In May, 1998, on the occasion of that year's World Press Freedom Day, the United Nations Secretary General, Mr. Kofi Annan, was reported on Radio France Internationale (RFI) to have called on world journalists to practice what he termed "Preventive Journalism".
According to the UN Secretary-General, journalists were identified as the best professionals in the world today "who can use their profession to promote world peace". He cited the Rwanda genocide which claimed over 500,000 souls which could have been prevented through preventive journalism, he observed.
A week after Mr Annan had elevated the journalism profession to that first class and highest esteem as far as service to humanity was concerned, another Secretary-General, this time of the International Catholic Union of the Press (UCIP), based in Geneva, Switzerland, Mr Joseph Chittilappilly, came to Ghana for a refresher training course for young journalists of the Catholic Church in the country.
I recall vividly that Professor George Hagan, the CPP presidential candidate, then Director of the Institute of African Studies, University of Ghana, Dr Bona Koomson of the School of Communication Studies, University of Ghana, His High Holiness, Rt Rev. Dominic Andoh, Archbishop of Accra, and H. E. Ghana's Ambassador designate to Sierra Leone, Mr Kabral Blay, Amihere, were among the resource persons who addressed that seminar which took place at the Ghana Registered Nurses Association Hostel, here in Accra.
During the course, the DCIP Secretary-General revealed that there was a new media philosophy evolving. The philosophy or theory or new paradigm was that the world was beginning to recognise journalists (the press) as belonging to the FIRST ESTATE OF THE REALM (caption mine).
 "The belief is that the journalism profession now goes beyond its traditional function of informing, educating and entertaining people. Rather, journalists are the real professionals who teleguide the minds of policy makers in the correct manner of governing human beings" he explained. In other words, world leaders now depend largely on the media in order to adopt decisions that will impact positively on the people they are ruling.
Therefore, any government that toys with or antagonises the media may be digging its own grave. It is better to court and co-operate with the media than to criminalise them. Various past regimes in this country at one time or the other have donated some movable and non-movable properties to various professional bodies. For instance, the NDC government once presented a Niva vehicle to GJA. It also donated the former building of the Passport Office near the Independence Square to the Musicians Union of Ghana (MUSIGA), and others. But the media never treated the NDC government with kid’s gloves at all.
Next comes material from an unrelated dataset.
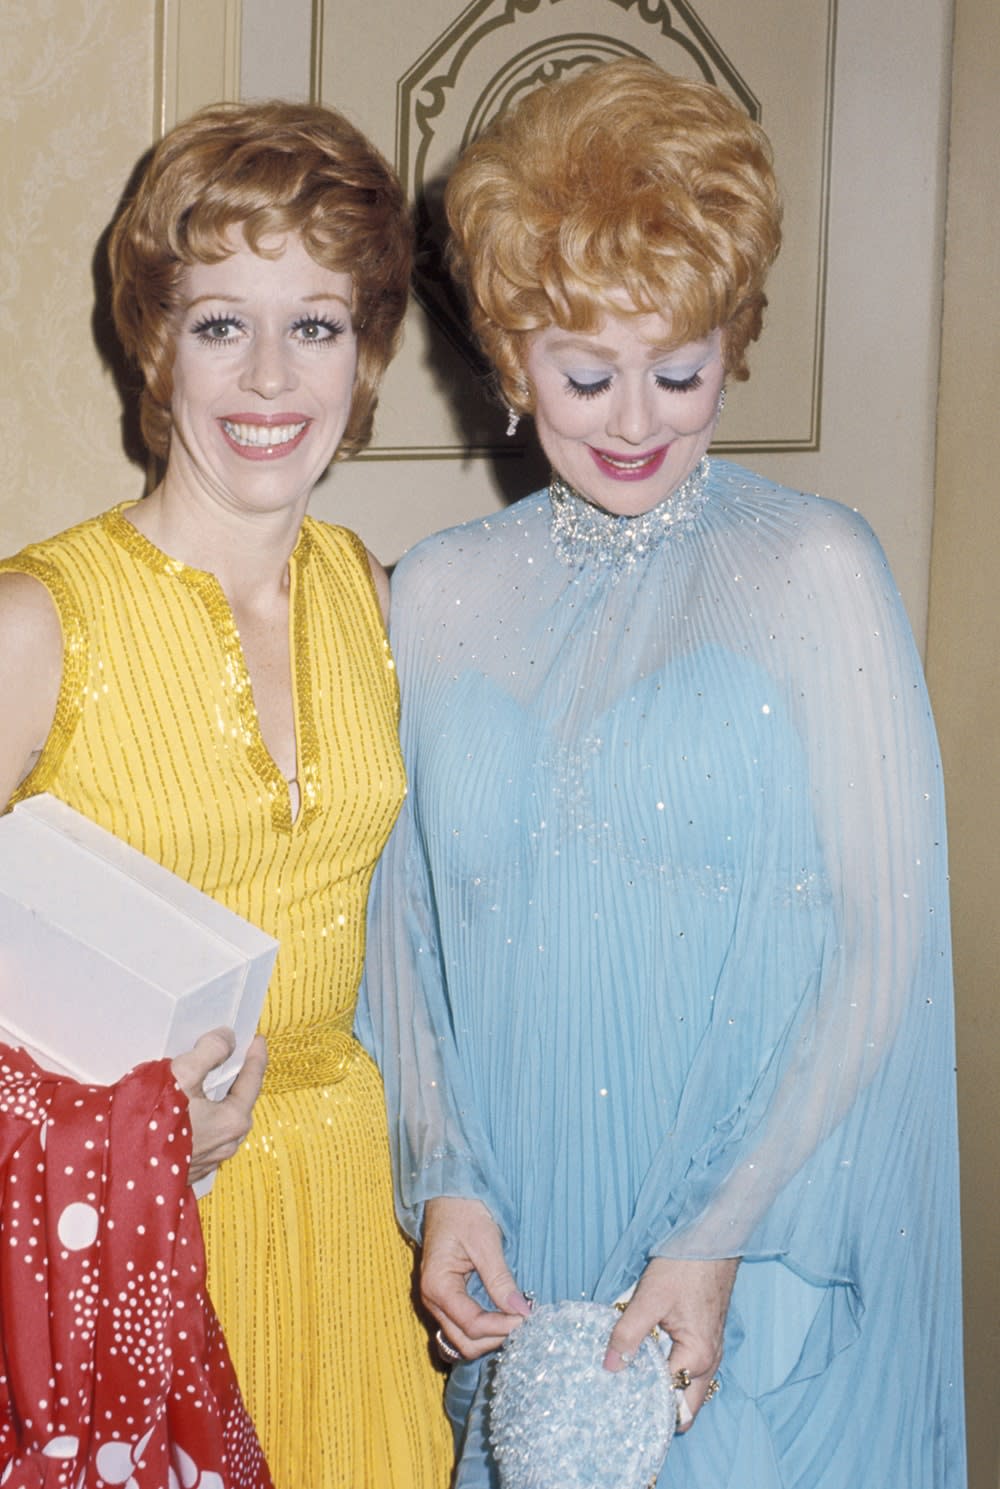 Carol Burnett wearing a yellow dress next to Lucille Ball wearing a blue dress

The donation of the former GNTC Club House to GJA, therefore, will hardly influence the media to pour white powder on the heads of officials of the ruling government who may go wrong. The Christian Bible made it clear that if you knock, you shall be opened and if you ask, you shall be given. The GJA has requested for office accommodation and it has been granted. The gesture is a wise media-government relations of strategy the NPP government has adopted which any future government must photocopy.
The lesson here is that if the government helps the media to lay a solid foundation, the media will assist the government to lay a formidable foundation, too, and together they will build the nation upon a rock of unity peace, tolerance, harmony and understanding for the prosperity of citizens.